EOKA, Bir Celladın Günlüğü ve Albert Camus
1992 yılında Londra’da bir cellat öldü. Eşyaları açık artırmayla satıldı. 17 bin Sterline satılan eşyaları arasında günlüğü de vardı. Günlüğünde infazlarla ilgili ayrıntılı raporları ve notlar yer alıyordu.
Otuzdan fazla idamda baş-cellat olarak görev yapmıştı. Ayrıca, cellat-yardımcısı olarak çok sayıda idamda hazır bulunmuştu. Britanya’nın son cellatlarındandı. 1964 yılında ölüm cezası kaldırılınca, meslek hayatı da son bulmuştu.
Adı, Harry Bernard Allen idi.
Sadece İngiltere hapishanelerinde değil, İngiliz sömürgelerinde de görev yapan Allen, Kıbrıs’ta da “çalıştı.” Büyük Britanya hükümeti hesabına tam 9 kişiyi idam etti. Yani, 1956-1957 yılları arasında ölüm cezasına çarptırılan 9 EOKA üyesinin tümünü de Allen astı. Adı hiçbir zaman açıklanmayan ve kimsenin tanımadığı bu cellat, idam tarihinden bir gün önce adaya geliyor, “işini yapıyor” ve adadan ayrılıyordu.
“İnsani bir iş” yaptığına inanan Allen, “müşterisi” ile tanışıyor, boyunu posunu, ağırlığını ölçüyor ve en uygun ipi seçiyordu. Sonra dinlenmeye çekiliyordu. O an gelince bir sigara yakıyor, sigarasından bir duman alıyor ve mahkuma “Hadi Evlat” diyerek saniyeler içinde infazı tamamlıyordu.
İşini bitirdiğinde kül tablasında yanmaya devam eden sigarasından bir fırt daha çekiyordu…
Kıbrıs’ta idam sehpasına çıkan ilk Kıbrıslı Rum Mihalis Karaolis oldu. İftiraya uğrayan bir Kıbrıslı Rum polisi öldürmekle suçlanan ve idama mahkum edilen Karaolis’i yardımcı polis olarak sömürge yönetimine uşaklık eden Kıbrıslı Türk polisler yakalamıştı.
Savcılıkta görevli olan ve sömürge yönetimiyle işbirliği yapan Rauf Denktaş da Karaolis’in idama mahkum edilmesinde etkin rol almıştı.
Bu durum, yani, Karaolis’in idamı ve Kıbrıslı Türklerin kolonyal politikalara alet olmaları Kıbrıslı Rumlar arasında derin bir infial yaratmıştı.
EOKA’nın Lefkoşa Bölge Komutanı Polikarpos Yorgacis tutuklandığında cebinden çıkan notlarda Karaolis aleyhine tanıklık eden üç yardımcı polisin ismi yazılıydı: Fevzi Direkoğlu, Mehmet İsmail ve Hüseyin Mehmet Cengiz.
Belli ki Yorgacis, Kıbrıslı Türk polislerden intikam almayı planlıyordu.
Albert Camus’nün Kıbrıs Yazısı
Karaolis idama mahkum edildiğinde bütün dünyadan tepkiler yükseldi.
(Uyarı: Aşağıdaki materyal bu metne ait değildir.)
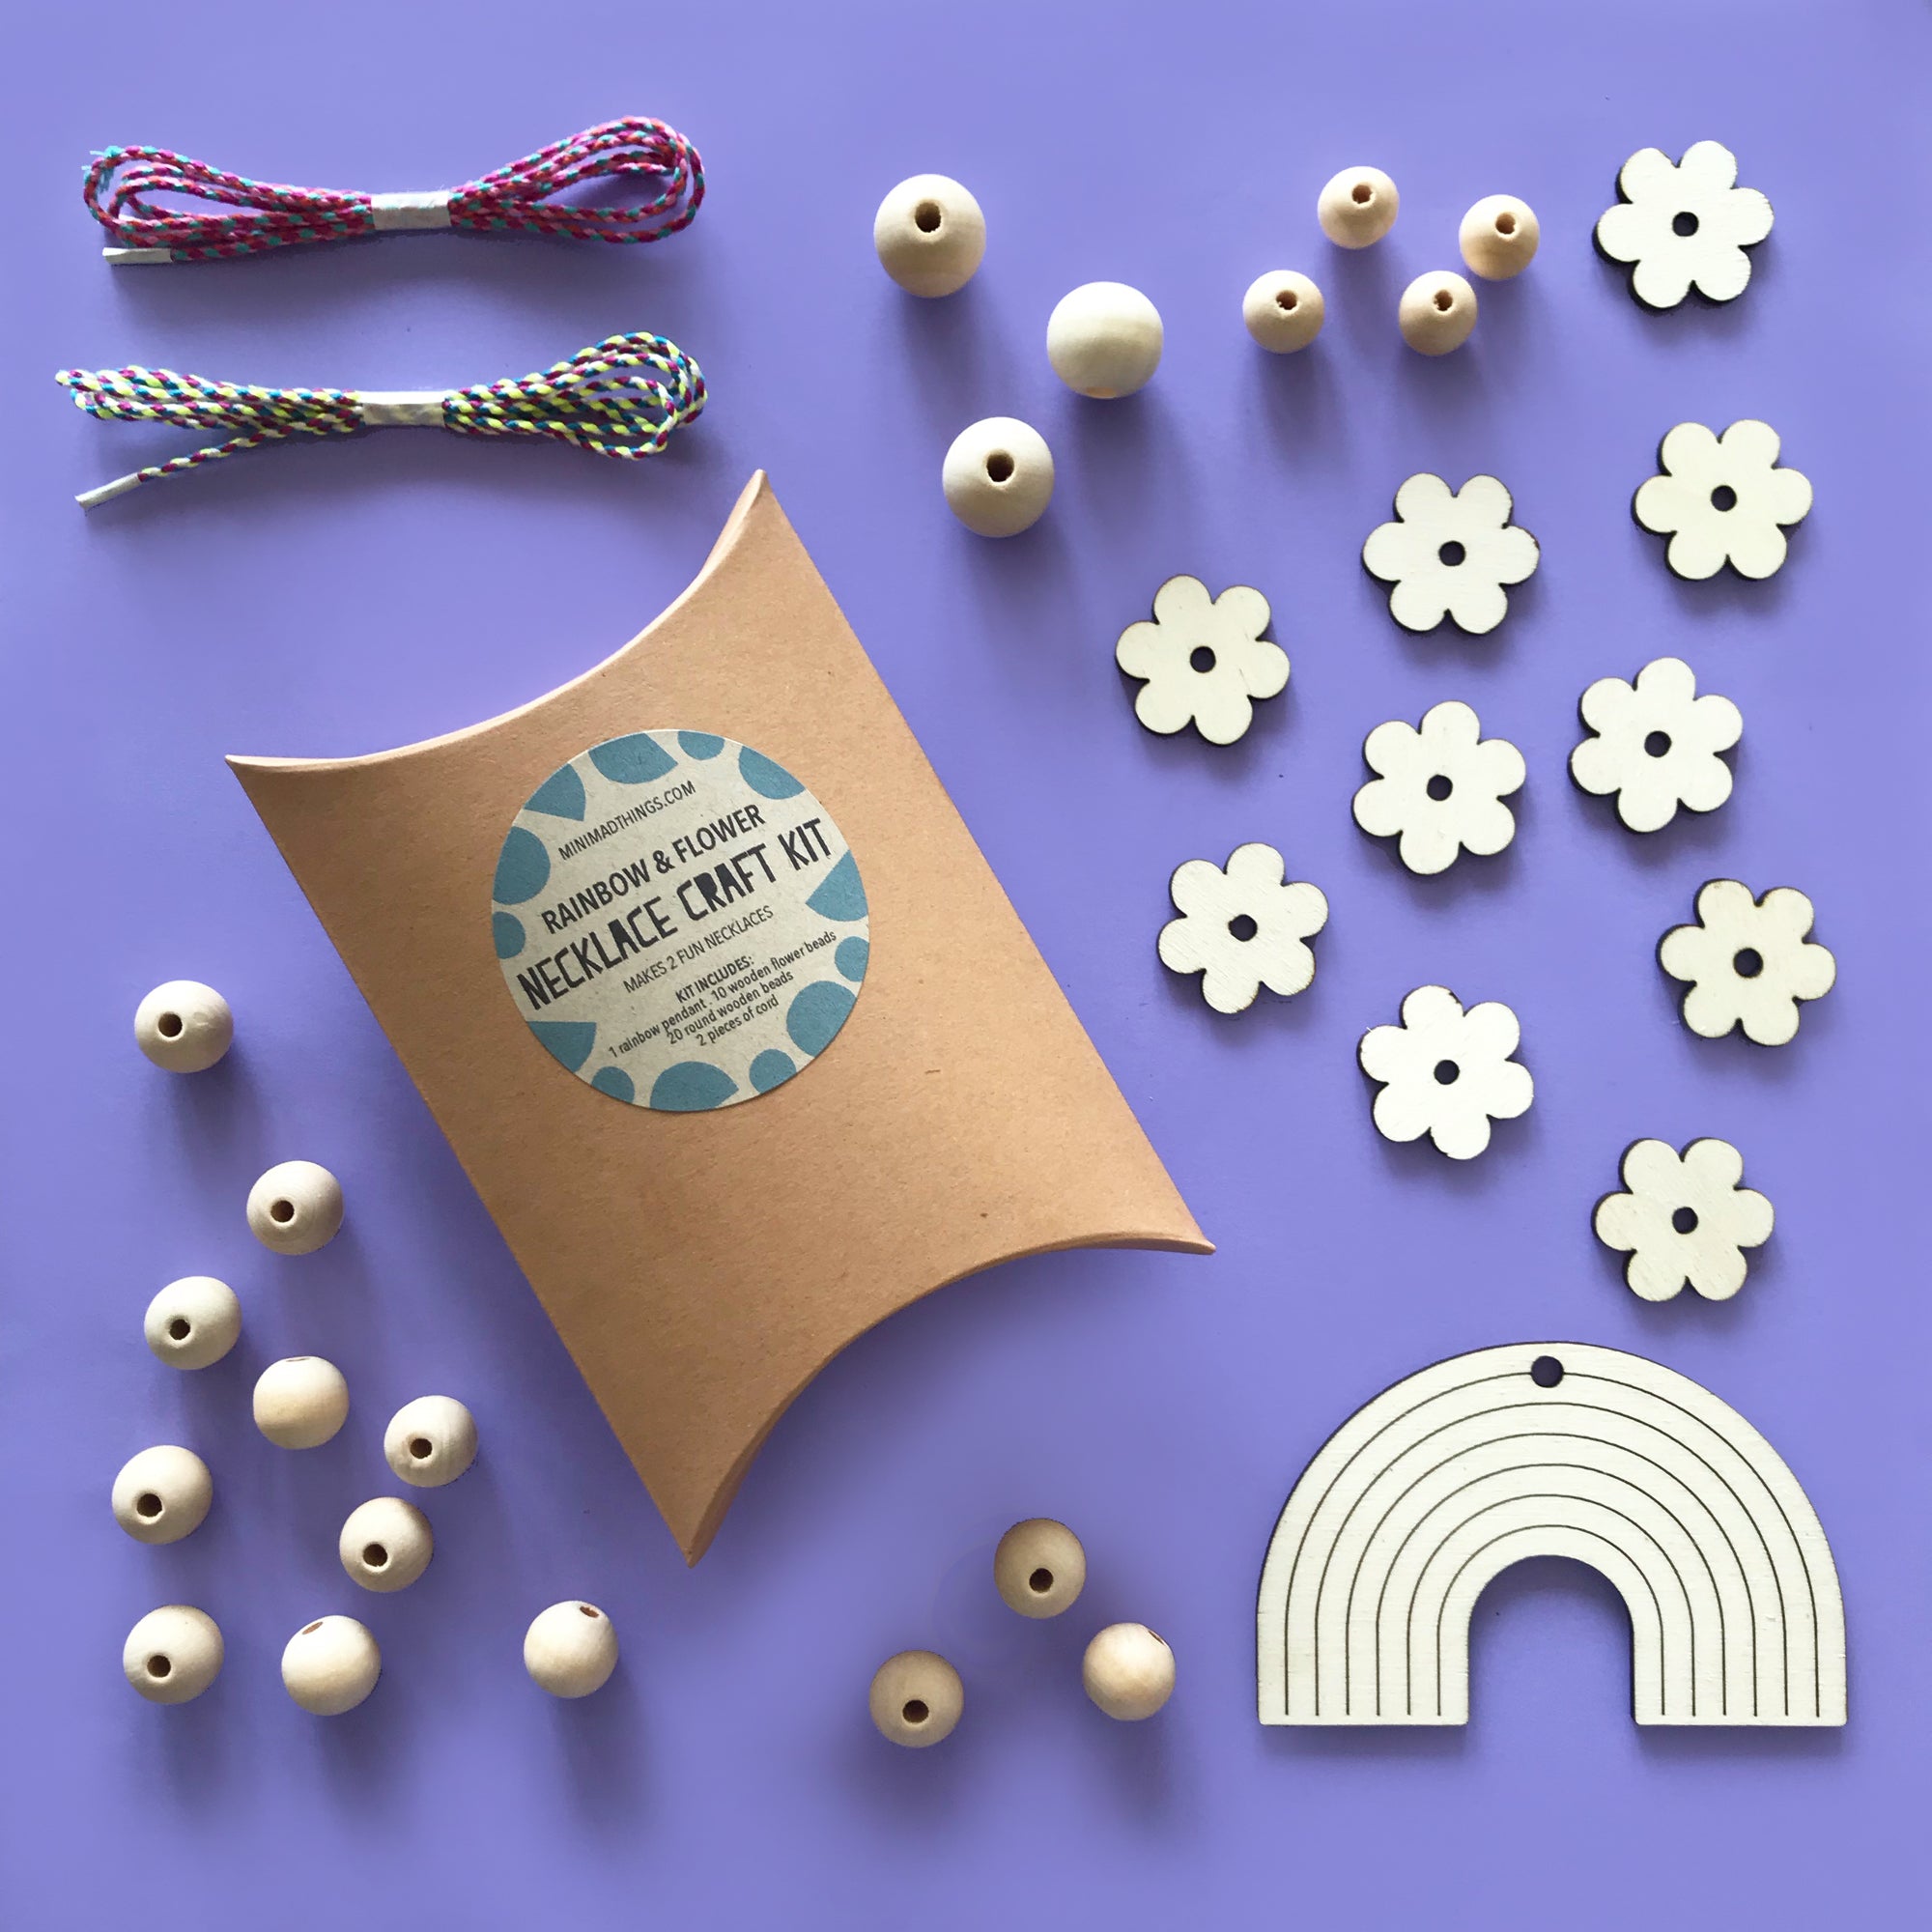 Necklace Craft Kit - Rainbow & Flowers - 25% OFF
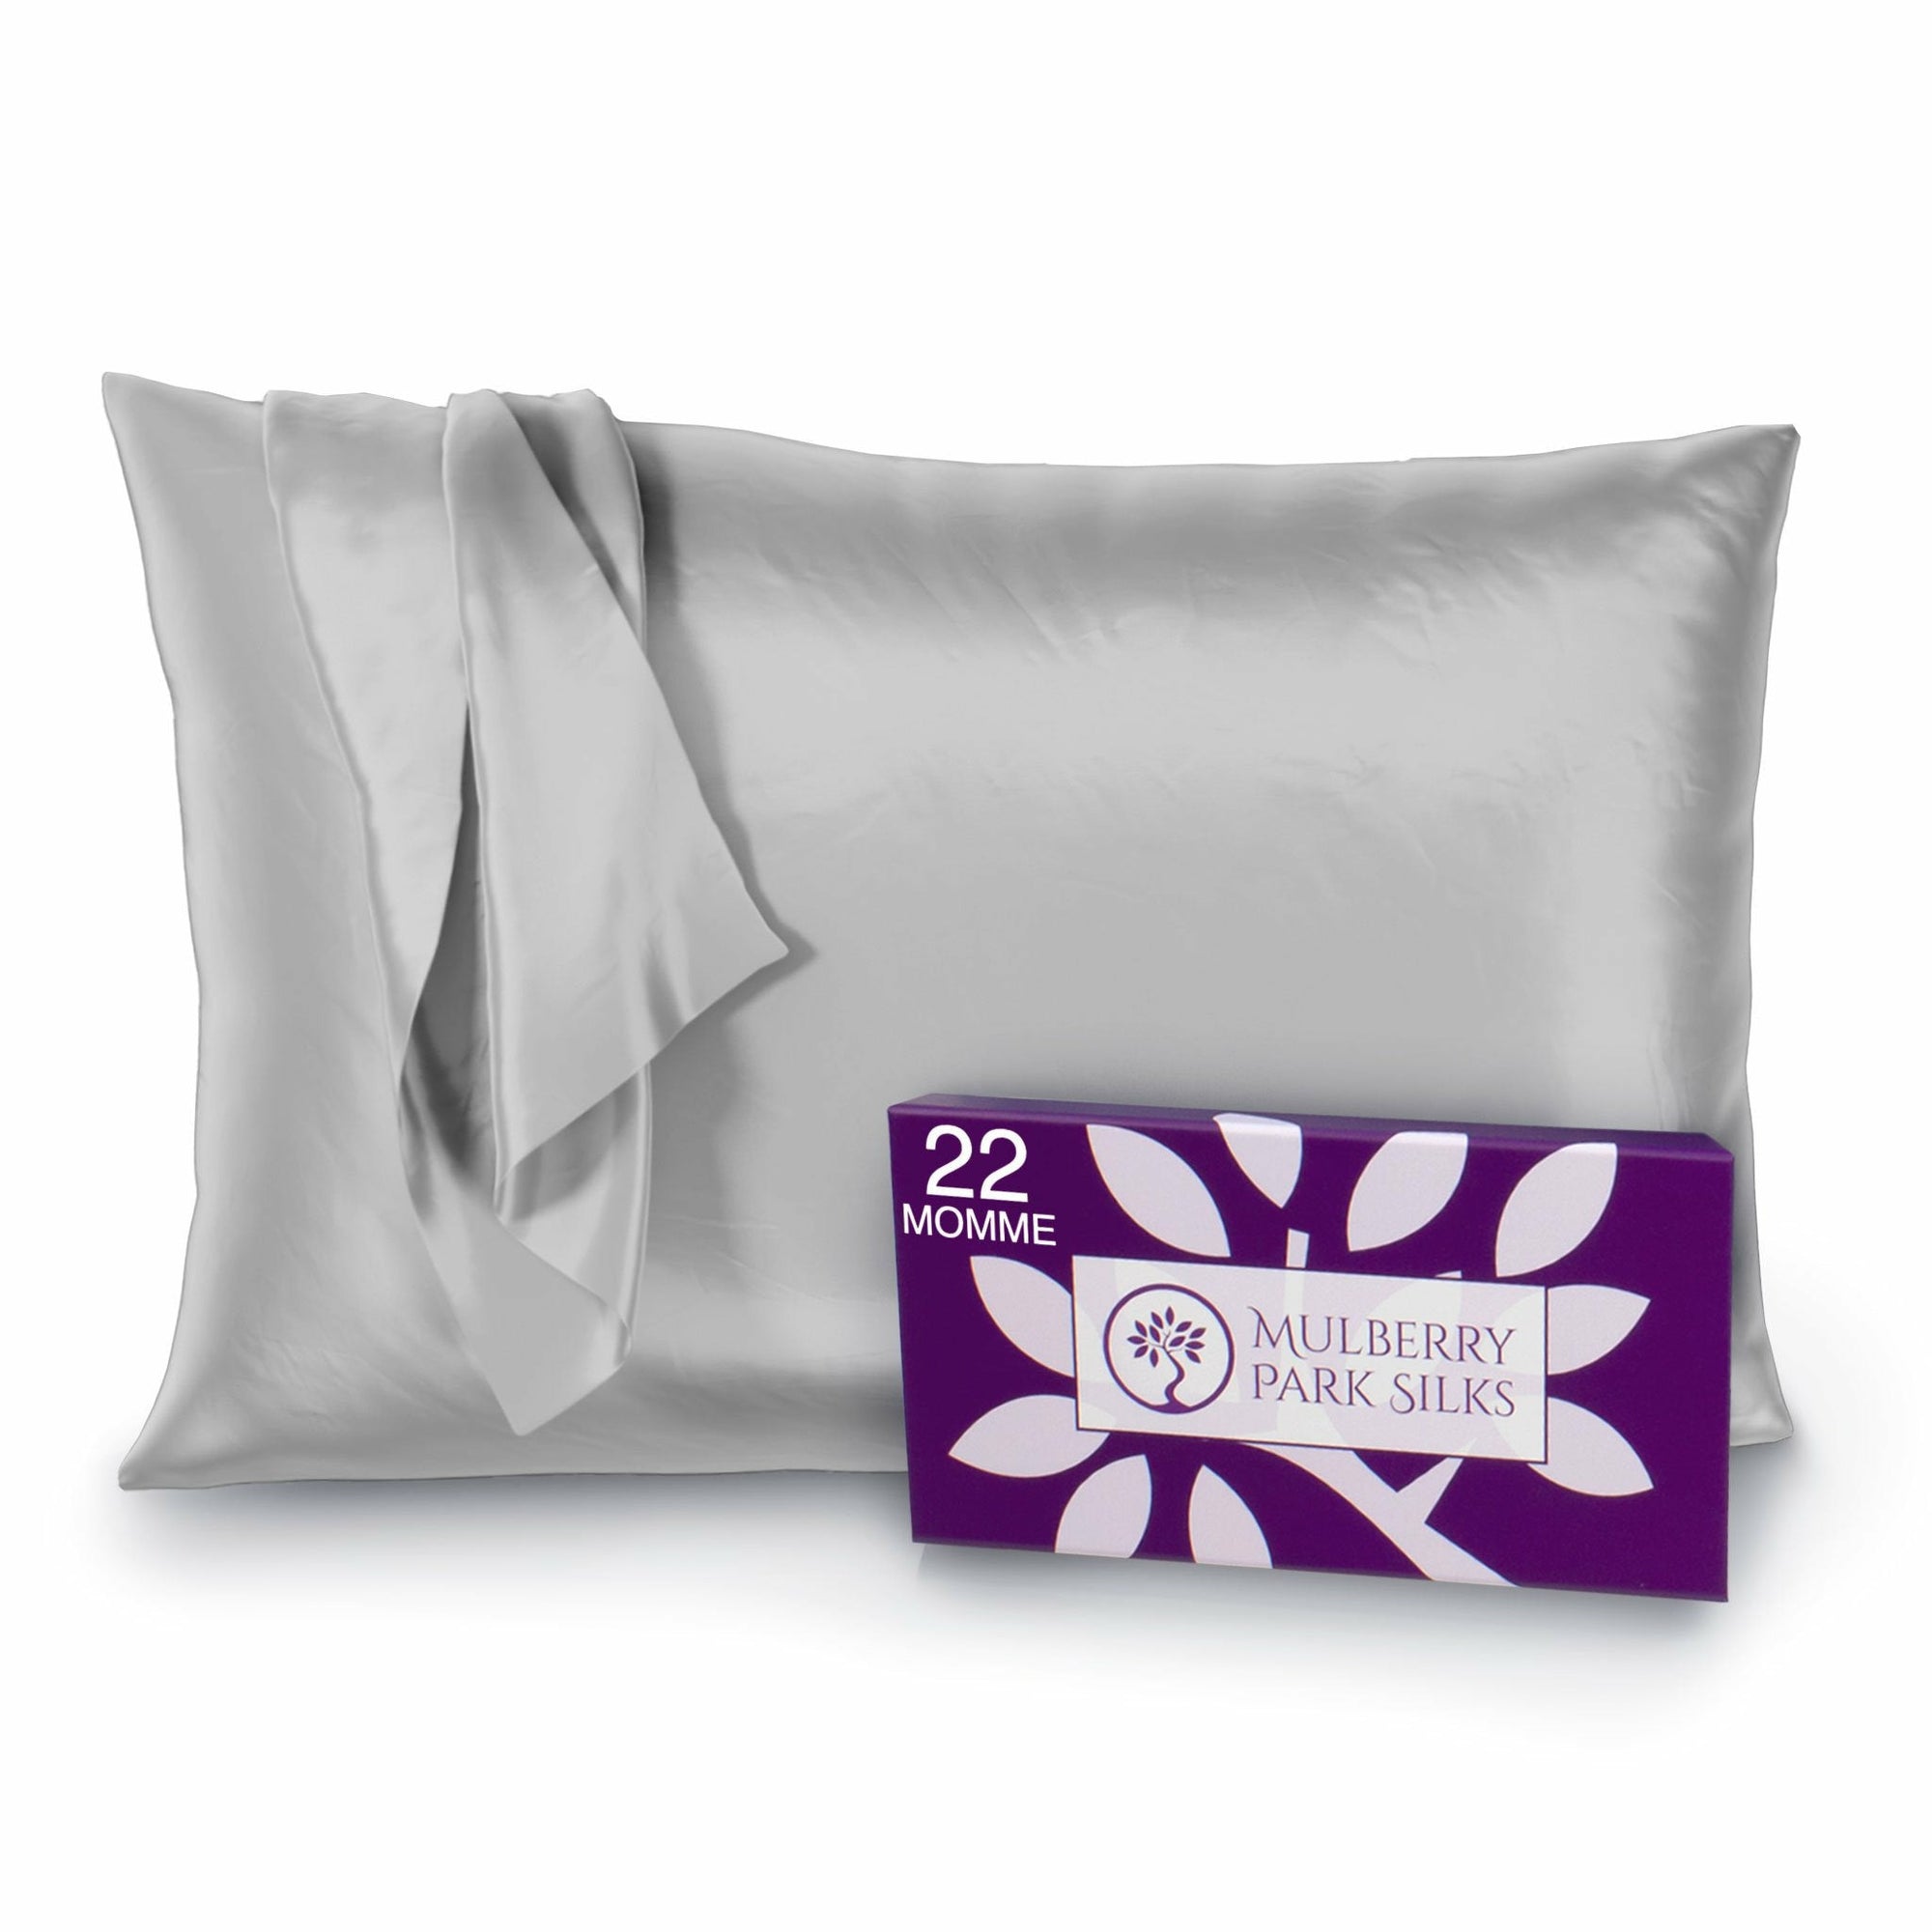 Mulberry Park Silks Deluxe 22 Momme Pure Silk Pillowcase Main Silver Fine Linens

Büyük edip Albert Camus 6 Aralık 1955 tarihinde L’ Express dergisine yazdığı “Helen Çocuğu” başlıklı bir yazıda, Mihalis Karaolis’in affedilmesini talep ediyordu. “Afrodit’in doğduğu mutlu adada da insanlar ölüür, hem de korkunç bir şekilde…” diyen Camus şöyle devam ediyordu: “Bir kez daha, kör baskı isyana yol açıyor. Bir kez daha, düzen derdinde olduğunu iddia eden güç, mahkemelerini kurmak ve baskıyı daha da artırmak zorunda kalıyor. Tabii bu, isyanları çoğaltmaktan başka hiçbir işe yaramayacak…”
Camus’ye göre baskının olduğu yerde kahramanlar da olur, “onlar ki baskı gibi yorulmazdırlar ve kendileri dışında herkesin unuttuğu bir halkın davasını umarsız bir dünyaya dayatırlar.”
Camus, Kıbrıs’ın Britanya ve Batı için stratejik değeri olduğunu ve adanın “uçak gemisi” olarak tanımlandığını belirtiyor ama bunun bir sorun olmadığını söylüyordu, çünkü Yunan hükümetinin Enosisin gerçekleşmesi halinde İngiltere’ye üs vermeyi önerdiğini, bunun da “makul” bir öneri olduğunu ileri sürüyordu.
Albert Camus, yazısının sonunda İngiliz hükümetine sesleniyordu: “Önce Mihalis Karaolis’in hayatını kurtarın ve sonra da ona üç bin yıllık yurdunu verin.”
Fakat sömürge yönetimi Kıbrıslılara yurtlarını vermek istemiyordu.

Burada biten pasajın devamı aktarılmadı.